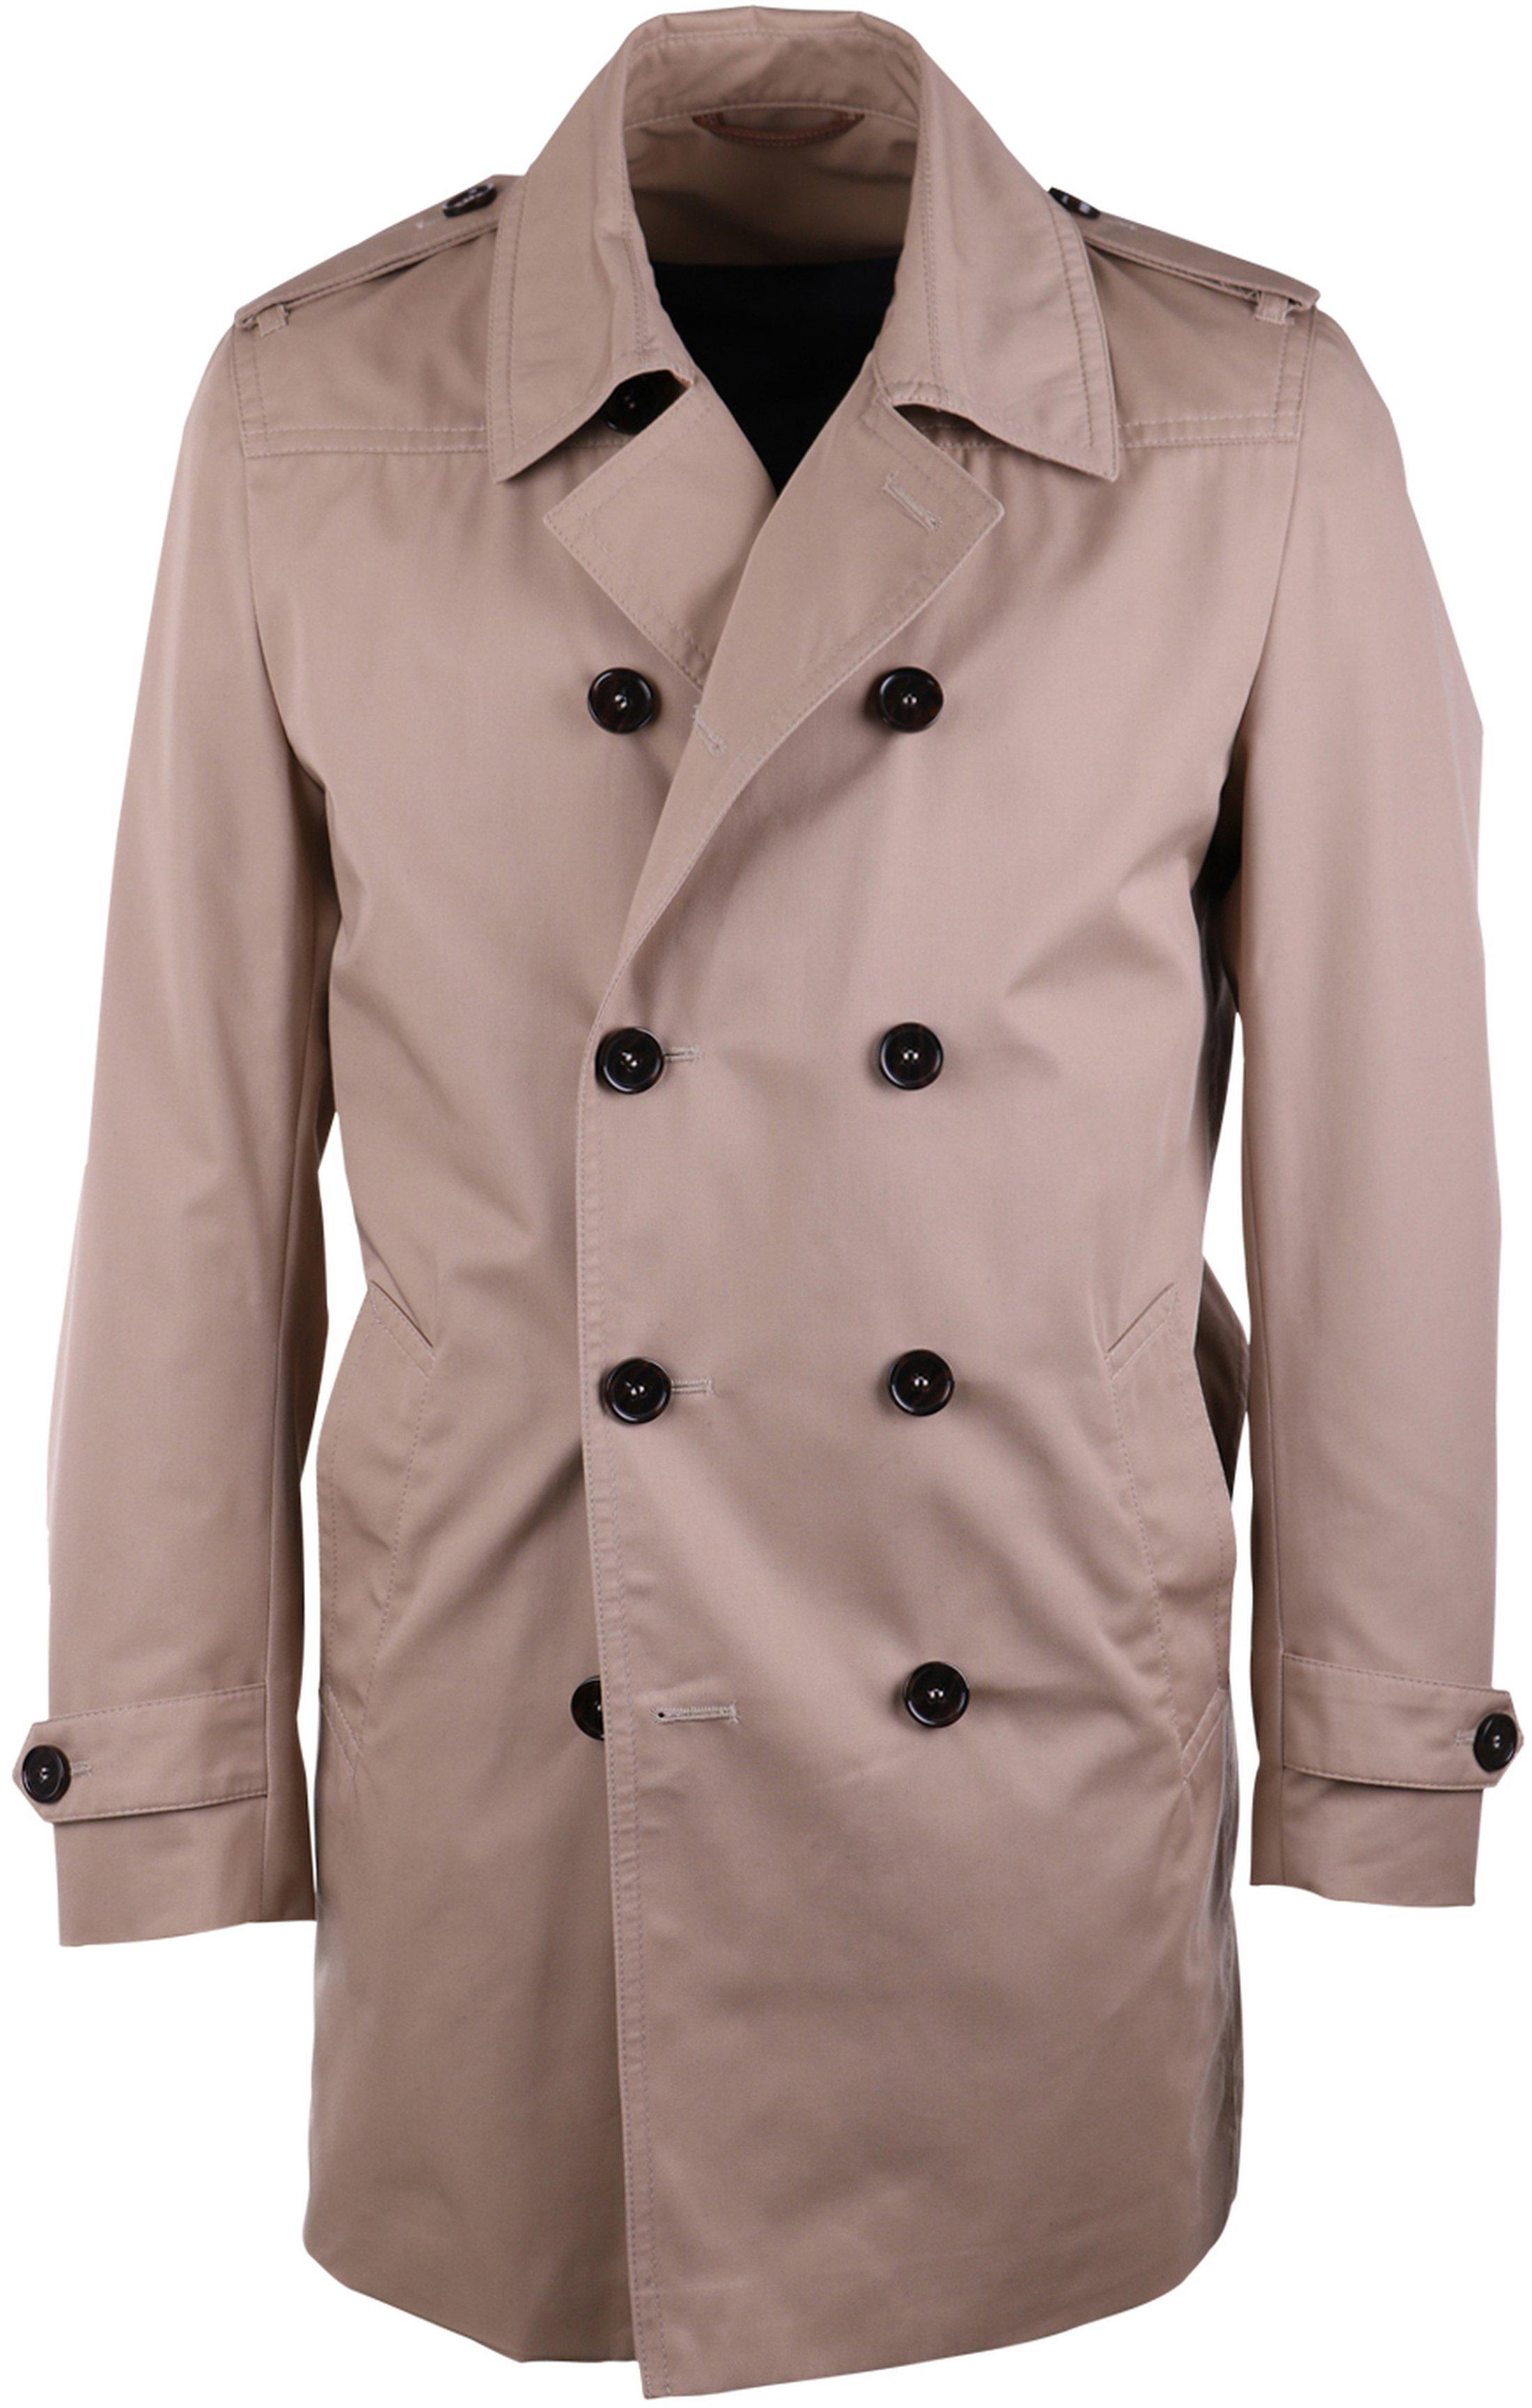 Suitable Trenchcoat Sommer Jacke Khaki Zavier
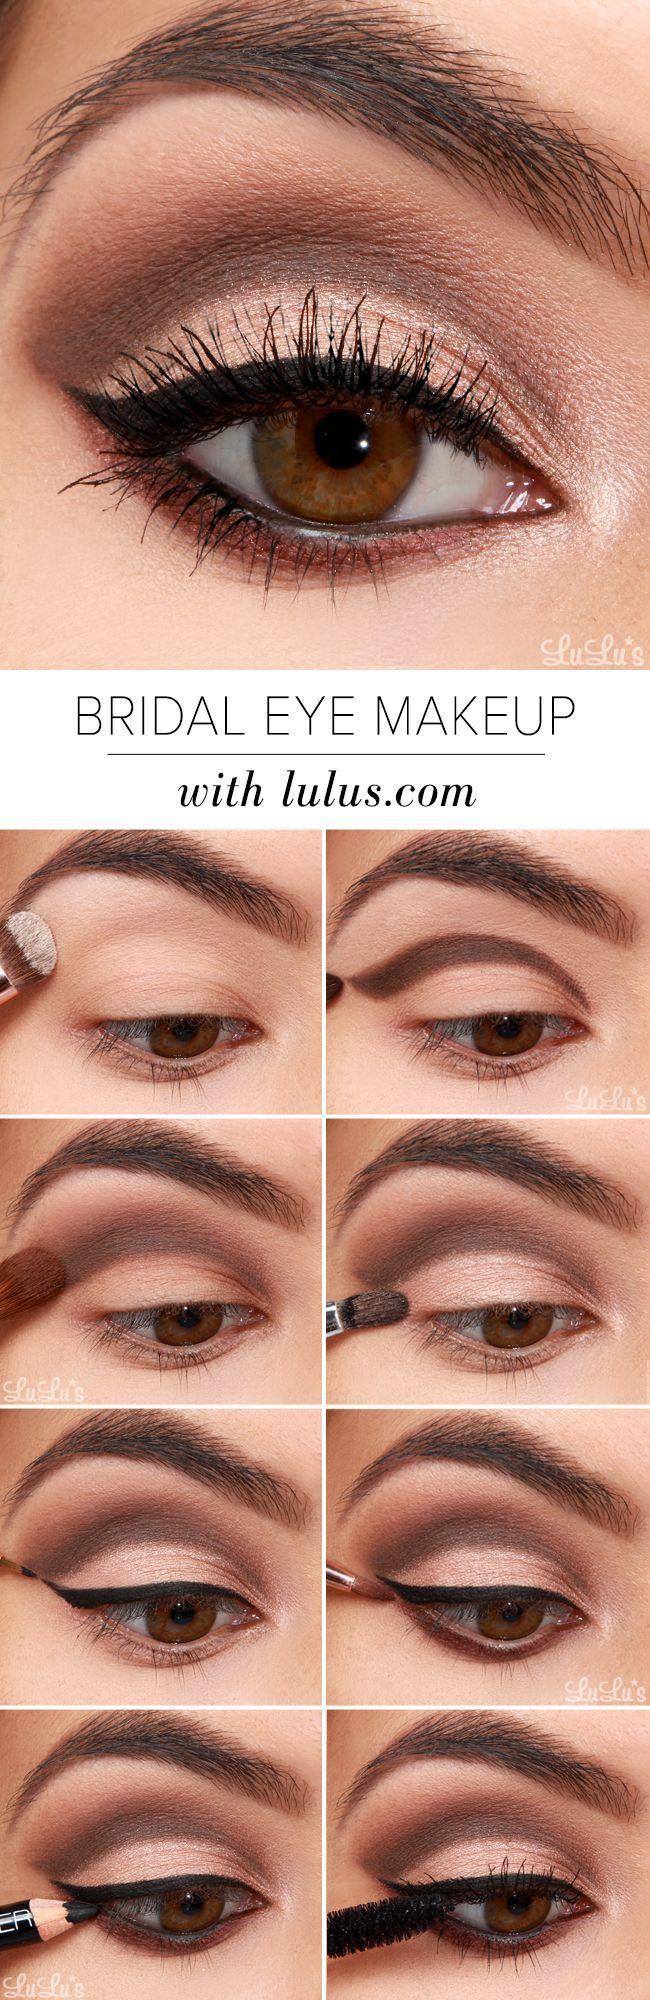 17 super basic eye makeup ideas for beginners | makeup
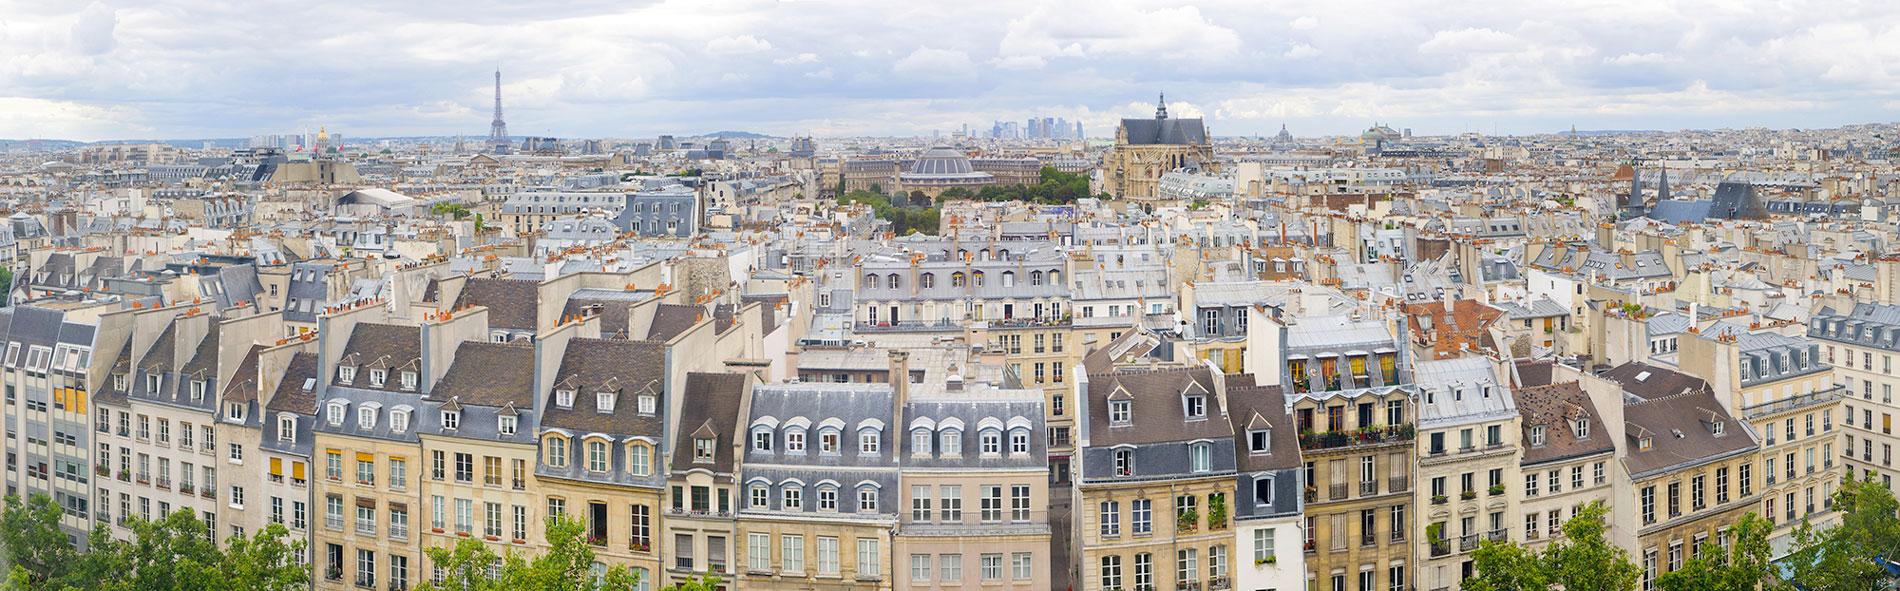 Acopa 3 agences immobili res paris 18eme arrondissement for Agence immobiliere 3eme arrondissement paris

EXERCISE BRIEF — Only the pictures are to be left out; write out all the other data exactly.

SOLUTION BELOW —
 Suitable Trenchcoat Sommer Jacke Khaki Zavier
 17 super basic eye makeup ideas for beginners | makeup
 Acopa 3 agences immobili res paris 18eme arrondissement for Agence immobiliere 3eme arrondissement paris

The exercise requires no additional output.